As I enjoy the recordings of Frank today – and have retained the photos and magazines and other items, despite my brothers encouragement to sell them since at the time of his passing they had more value – I also remember the joy that those songs brought my Mom, a kind of healing, at least for a moment, a respite of sorts for her spirit. Perhaps, when she sang along with those records, or played the radio for a special song while struggling to keep up with the responsibilities that lay on her alone, she was carried back to those moments – those hopes and dreams. But my Mom never expressed regret that things did not work out as she had imagined – she focused on the challenges of the day, caring for us, and trying to sort through the choices we all have to make, in whatever circumstances we face.
Unlike Mom, I never saw Sinatra perform live – at least, not that Sinatra.
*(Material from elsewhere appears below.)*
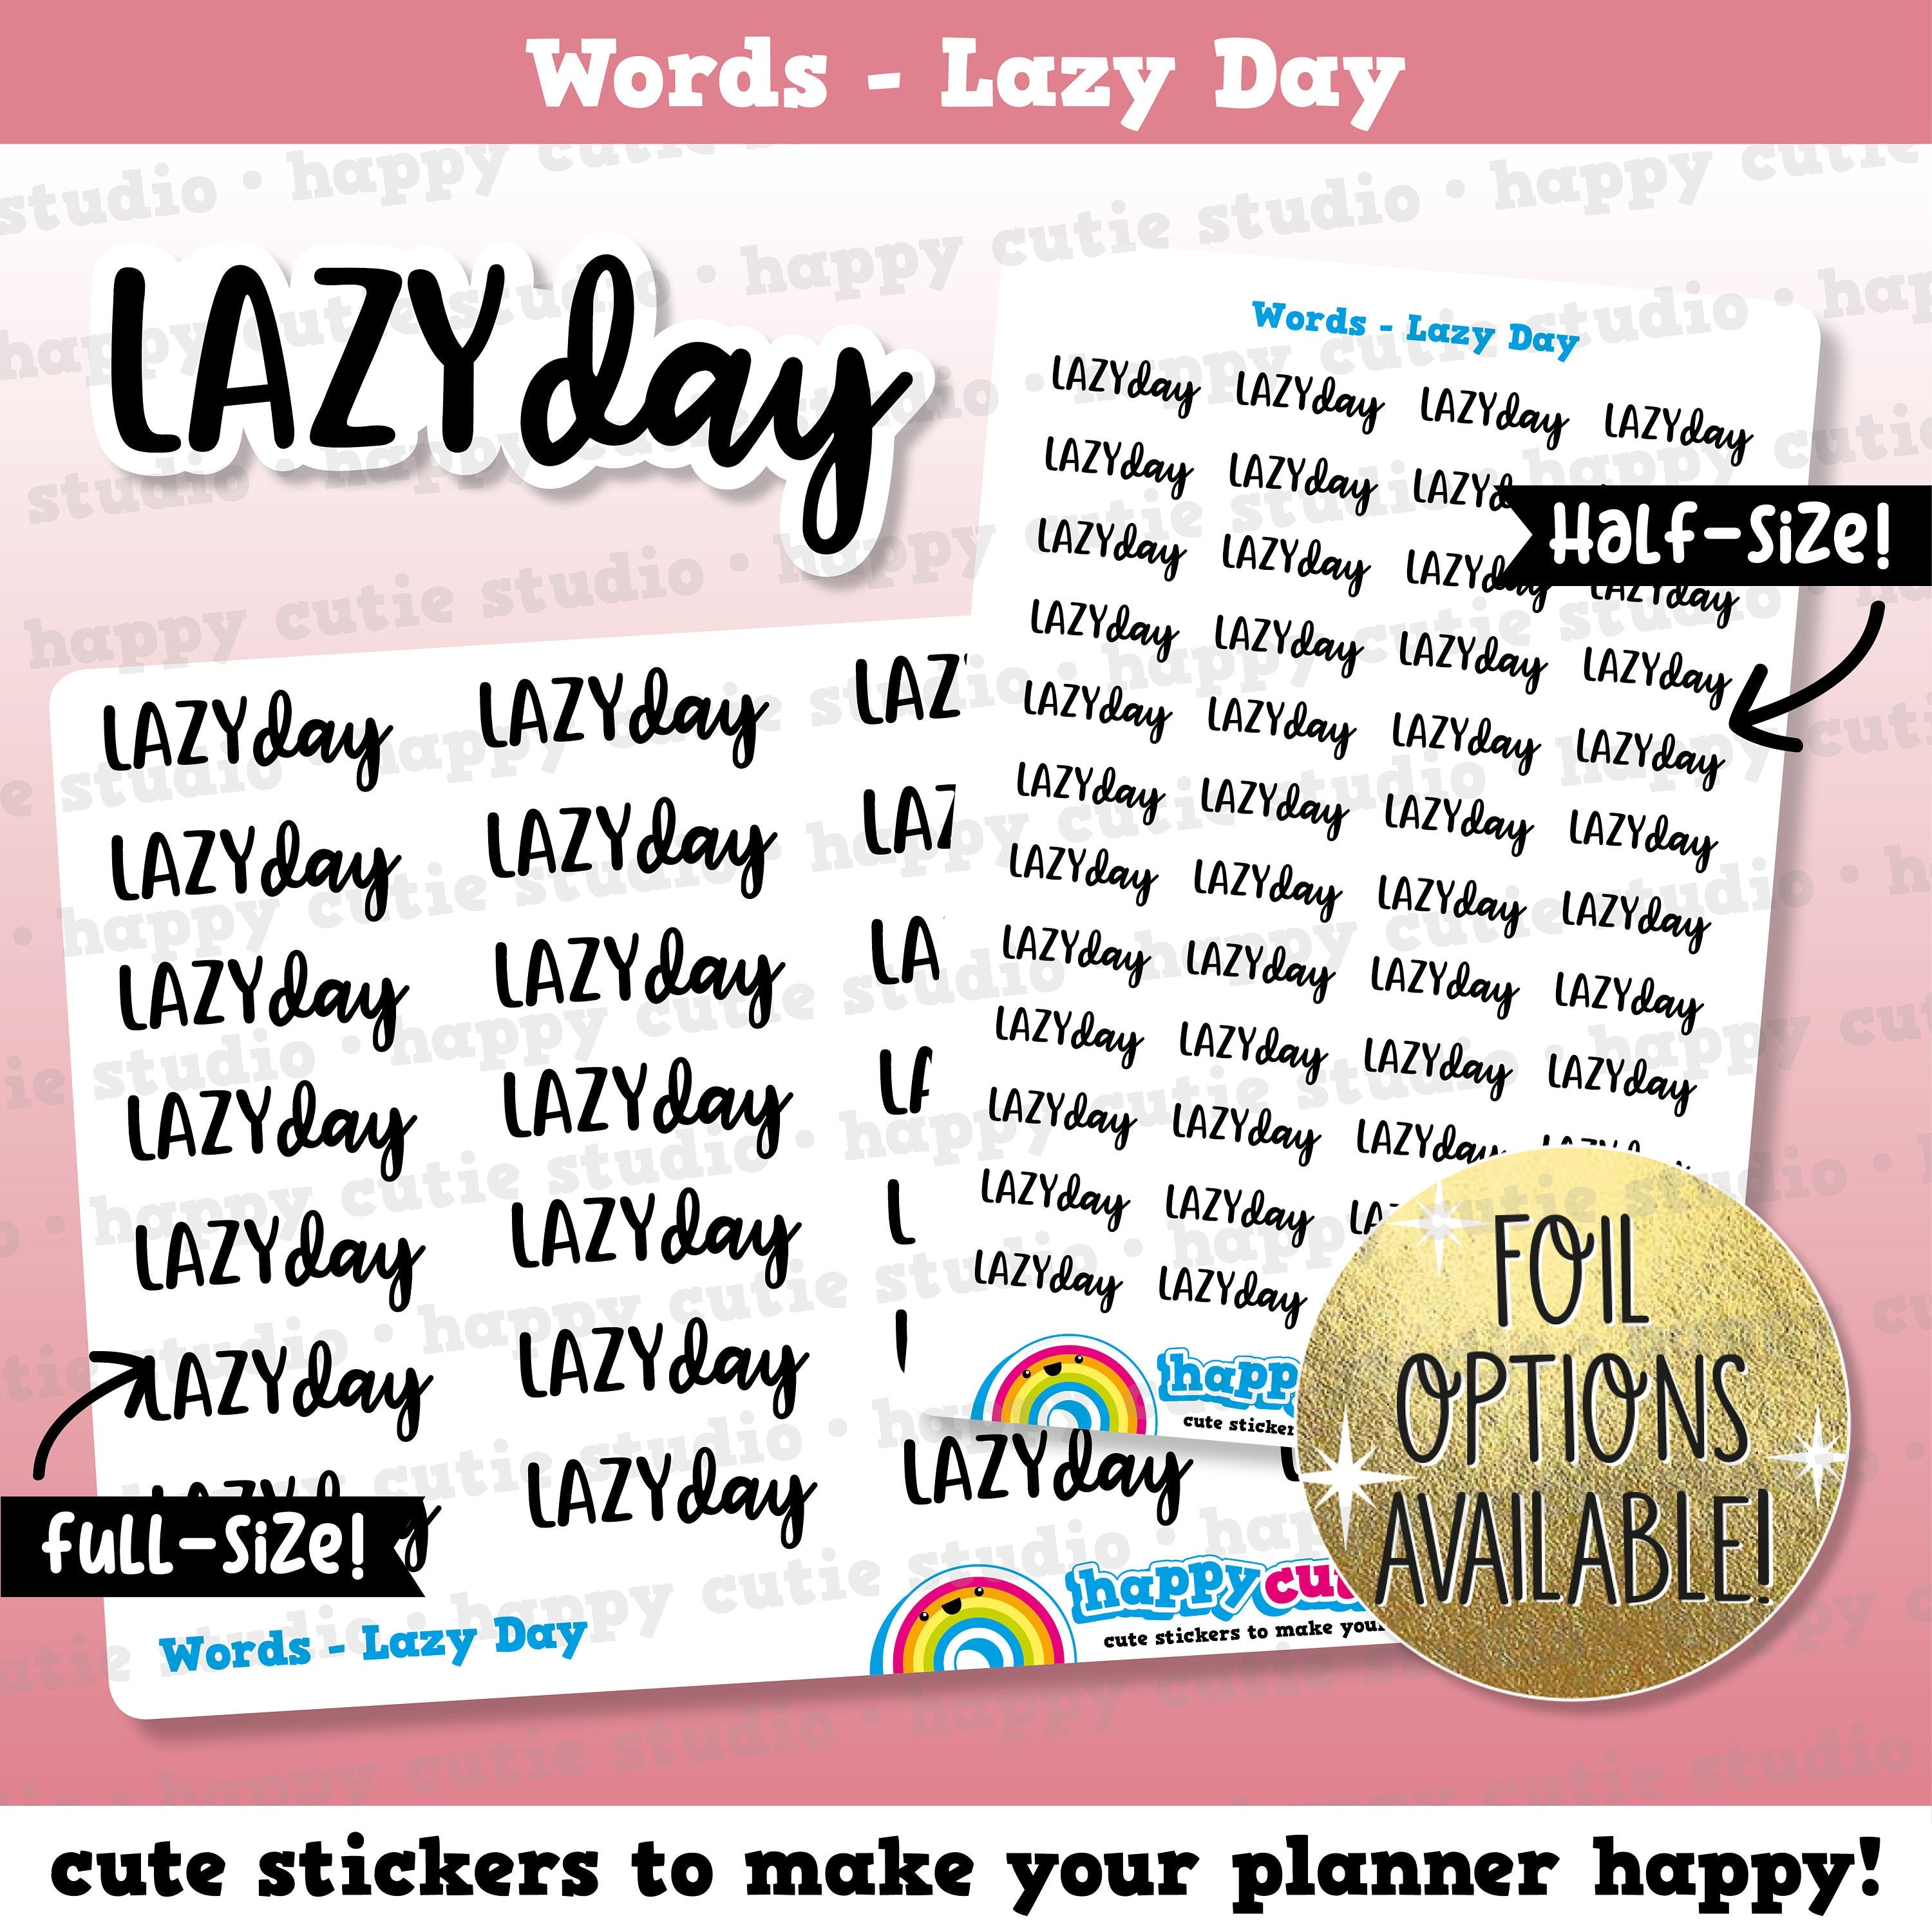 Lazy Day Words/Functional/Foil Planner Stickers

After my Mom’s passing, a friend and I drove to see his son, Frank Jr., perform in Orange County – sitting a few seats away, his daughter Nancy (without her boots), knowing and reliving their own memories of their father through song. The upcoming symphony performance is nearly sold out – a remarkable testimony to the legacy of Sinatra and Ella, the composers and artists, and the power of music to give us life. Over two years ago, we enjoyed a similar tribute to my own favorite vocalist, Nat King Cole, and Aretha Franklin there – voices that remind us that our humanity is shared, our desires are not so different, and our yearnings unchanged from generations prior. I am glad we can again be gathered together, celebrating not only the season, but the timelessness of music – and of the hopes that it nourishes. My heart will sing along; I will smile, thinking, just maybe, Mom will be listening, too.